Well, the company appears to be keeping its momentum up even after a solid year. To investors’ delight, the company announced a 7% year-over-year increase in its quarterly dividend last week. Historically, this marks the 48th consecutive annual dividend increase from PepsiCo. Another recent development would be its collaboration with Beyond Meat (NASDAQ: BYND). The duo announced the formation of a joint venture, PLANeT Partnership, on January 26. In detail, the venture will develop, produce, and market snacks and beverages made from plant-based proteins.
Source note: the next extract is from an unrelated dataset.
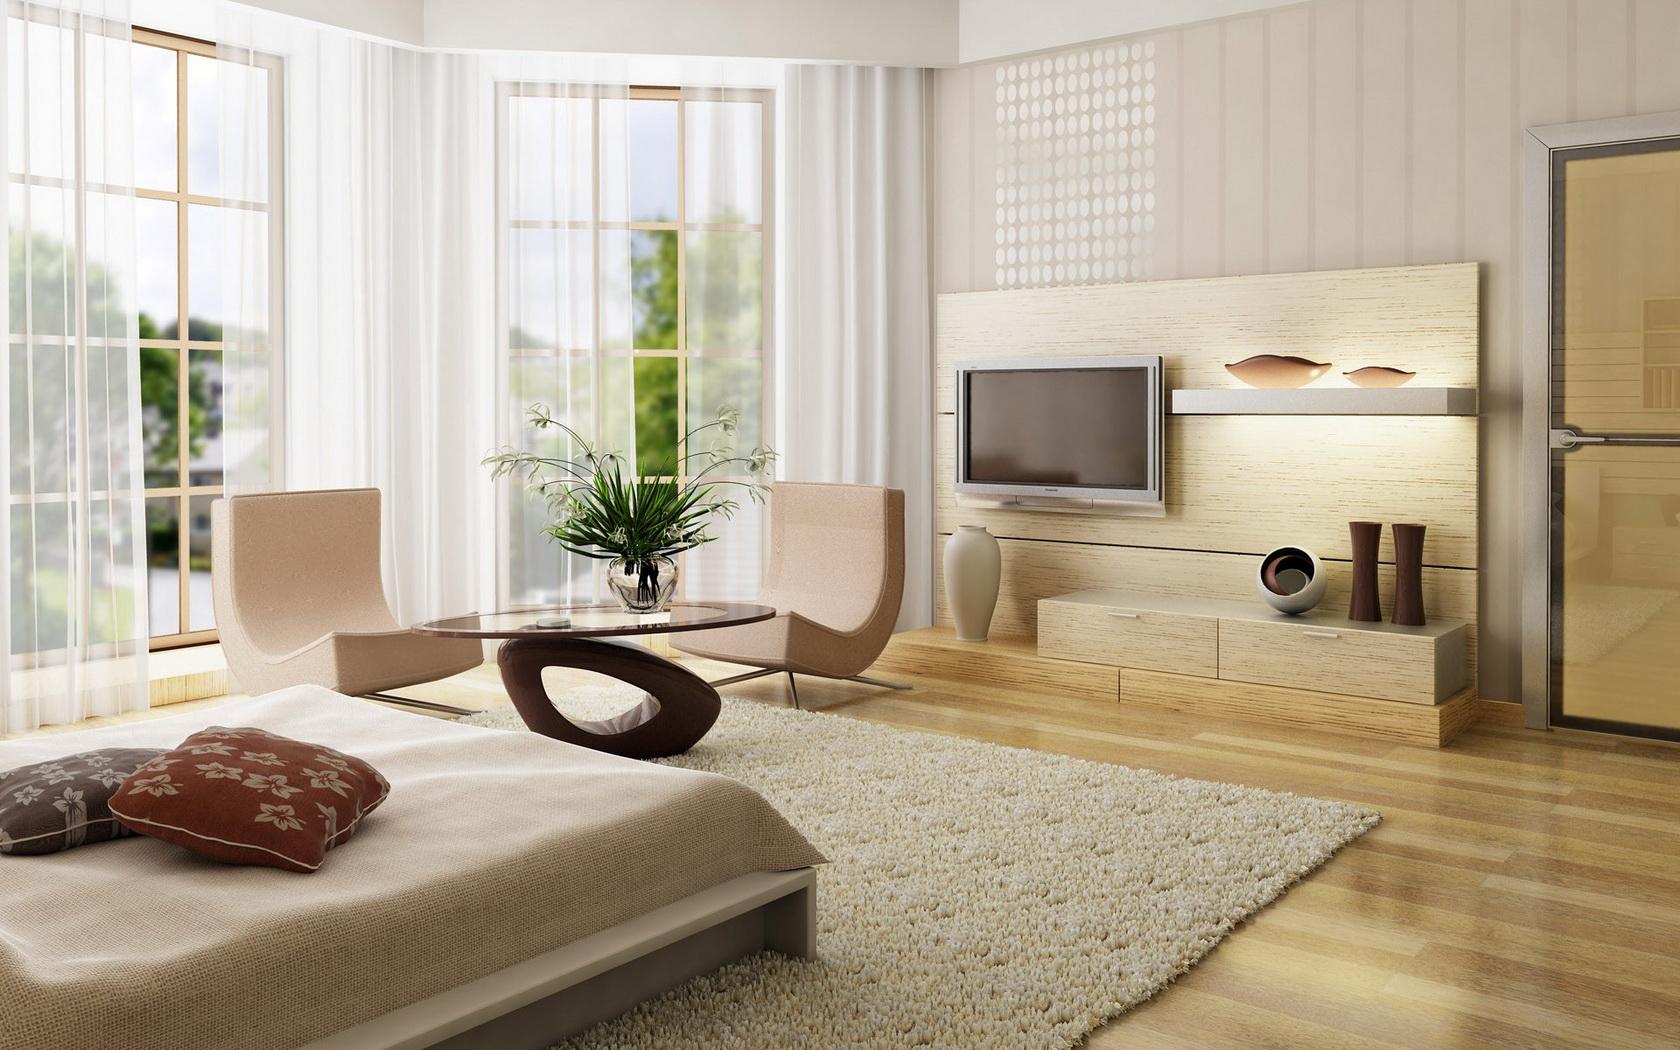 Bedroom Bed Architecture Interior Design Wallpaper | 1680x1050 | 148309 |  WallpaperUP

This is an excellent play by PepsiCo as it enters the vegan snacking market. All things considered, would you consider PEP stock a sweet deal?
Hasbro is next up on our list. The Rhode Island-based multinational toy company is the name behind countless toys around the globe. It also has operations in the entertainment industry via its global eOne studio. Namely, Hasbro’s portfolio consists of several household IPs such as Transformers, Monopoly, Power Rangers, and Peppa Pig. As families remain homebound due to the pandemic, consumers would turn to Hasbro as a means of keeping their children entertained. Accordingly, HAS stock is making waves now with gains of over 100% since the March selloffs. In fact, the company reported its earnings earlier today.
Throughout the fourth quarter, Hasbro brought in total revenue of $1.72 billion and ended the quarter with $1.45 billion in cash on hand. By and large, these are respectable figures considering that Hasbro had to deal with physical store closures worldwide. CEO Brian Goldner explained, “Our teams successfully drove demand for several product categories across our portfolio including our entire gaming portfolio from Wizards of the Coast brands to face-to-face gaming. They found ways to reach the global consumer despite retail closures throughout the year, delivering over $1 billion in e-commerce revenues for the first time.” Given all of this, will you be investing in HAS stock?